How long will orbital debris remain in Earth orbit?
• The higher the altitude, the longer the orbital debris will typically remain in Earth orbit. Debris left in orbits below 600 km normally fall back to Earth within several years. At an altitude of 800 km, the time for orbital decay is often measured in decades. Above 1,000 km, orbital debris will normally continue circling the Earth for a century or more.
• A significant amount of debris does not survive the severe heating that occurs during re-entry.

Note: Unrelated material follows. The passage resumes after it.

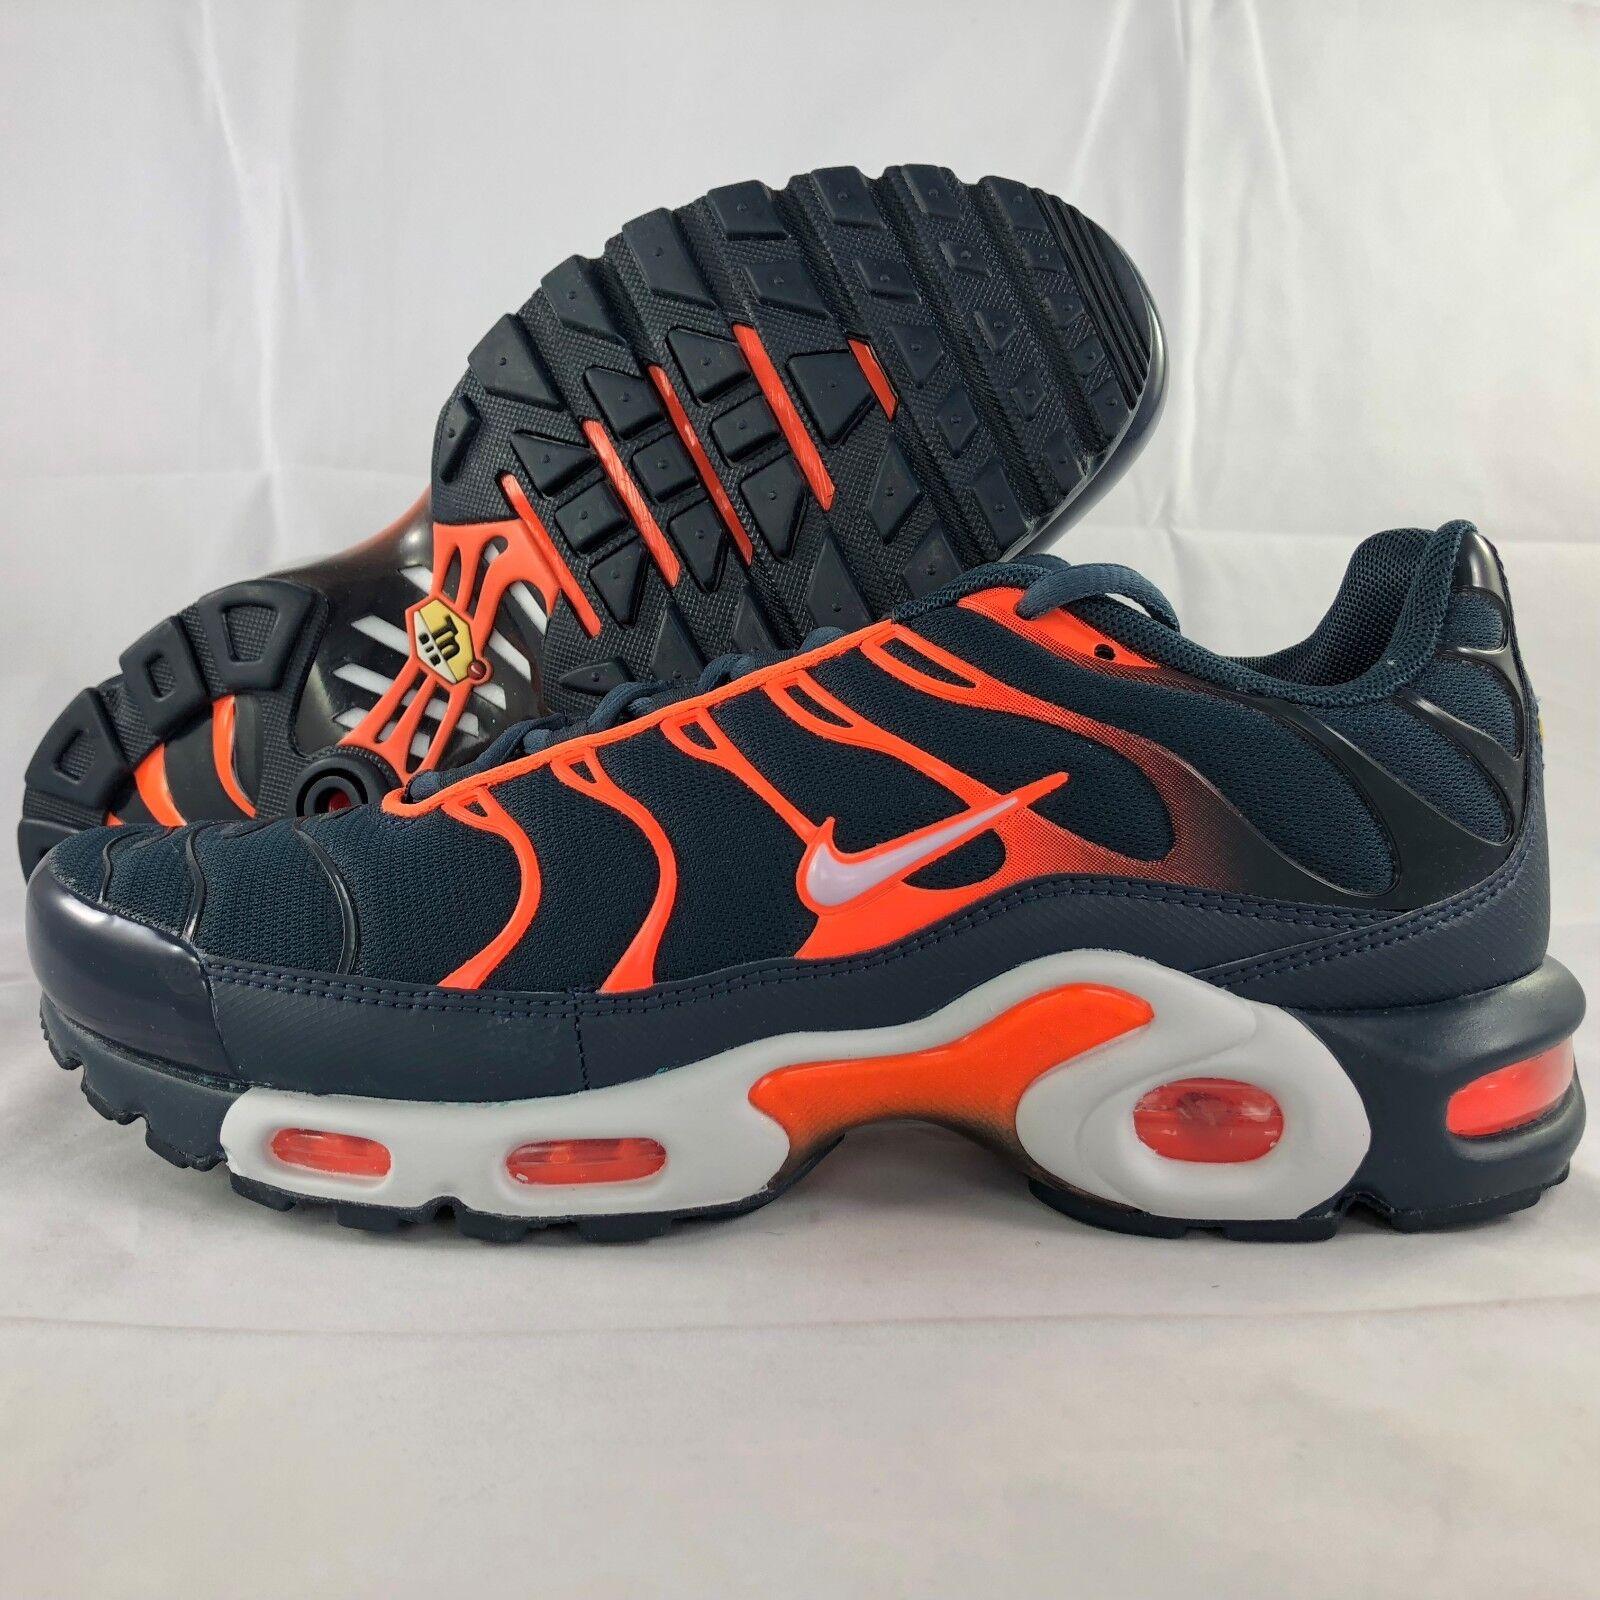 Nike Air Max Plus Navy bluee Pure Platinum orange White 852630-403 Men's 7.5-13
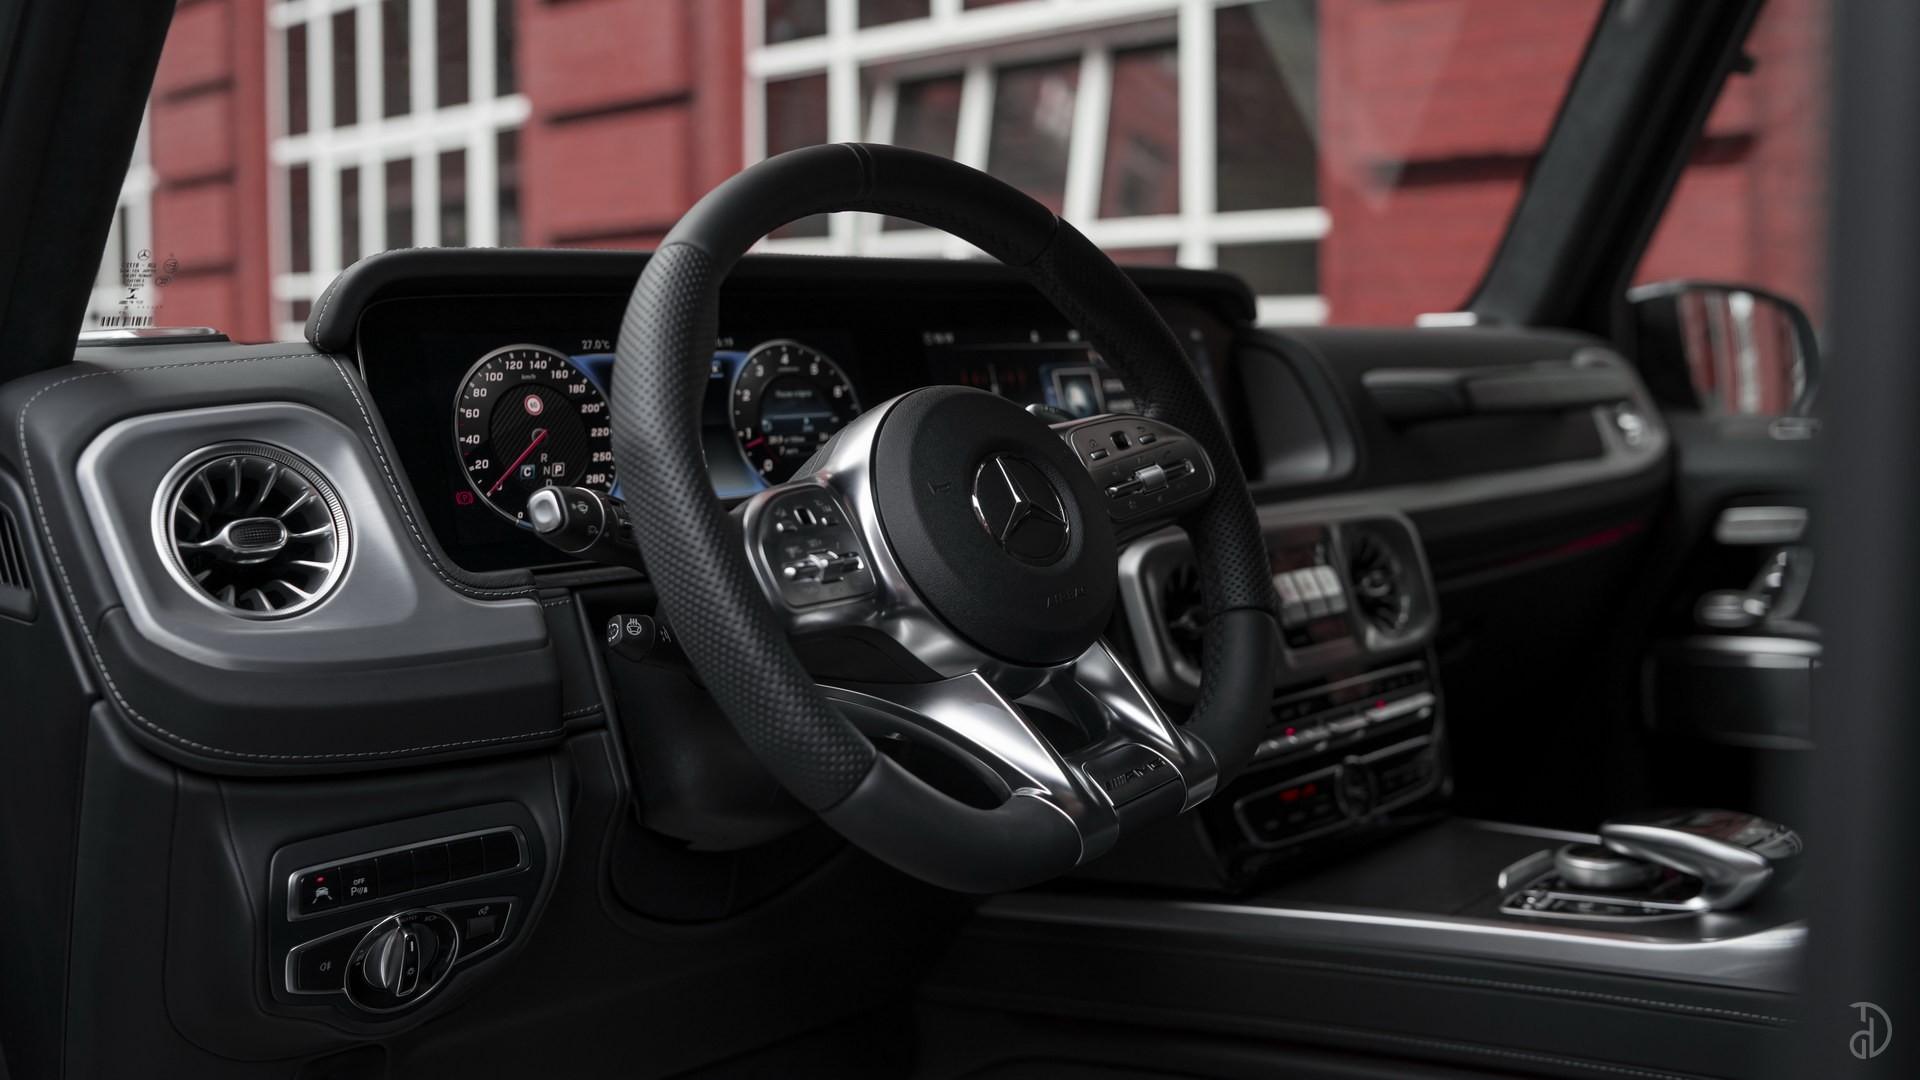 Аренда Гелендвагена Mercedes G 63 AMG 2020 в Москве. Фото 7

Components which do survive are most likely to fall into the oceans or other bodies of water.
Inter-Agency Space Debris Coordination Committee (IADC)
The Inter-Agency Space Debris Coordination Committee (IADC) is an international governmental forum for the worldwide coordination of activities related to the issues of human-made and natural debris in space.
The primary purposes of the IADC are:
i) To exchange information on space debris research activities between member space agencies.
ii) To facilitate opportunities for cooperation in space debris research.
iii) To review the progress of ongoing cooperative activities.
iv) To identify debris mitigation options.
The IADC member agencies include:
• ASI (Agenzia Spaziale Italiana)
• CNES (Centre National d'Etudes Spatiales)
• CNSA (China National Space Administration)
• CSA (Canadian Space Agency)
• DLR (German Aerospace Center)
• ESA (European Space Agency)
• ISRO (Indian Space Research Organisation)
• JAXA (Japan Aerospace Exploration Agency)
• KARI (Korea Aerospace Research Institute)
• NASA (National Aeronautics and Space Administration)
• ROSCOSMOS (State Space Corporation)
• SSAU (State Space Agency of Ukraine)
• UK Space Agency.
A Steering Group and four specified Working Groups covering measurements (WG1), environment and database (WG2), protection (WG3) and mitigation (WG4) make up the IADC.
It provides information to the public about the IADC, its member agencies, and past and current debris-related activities.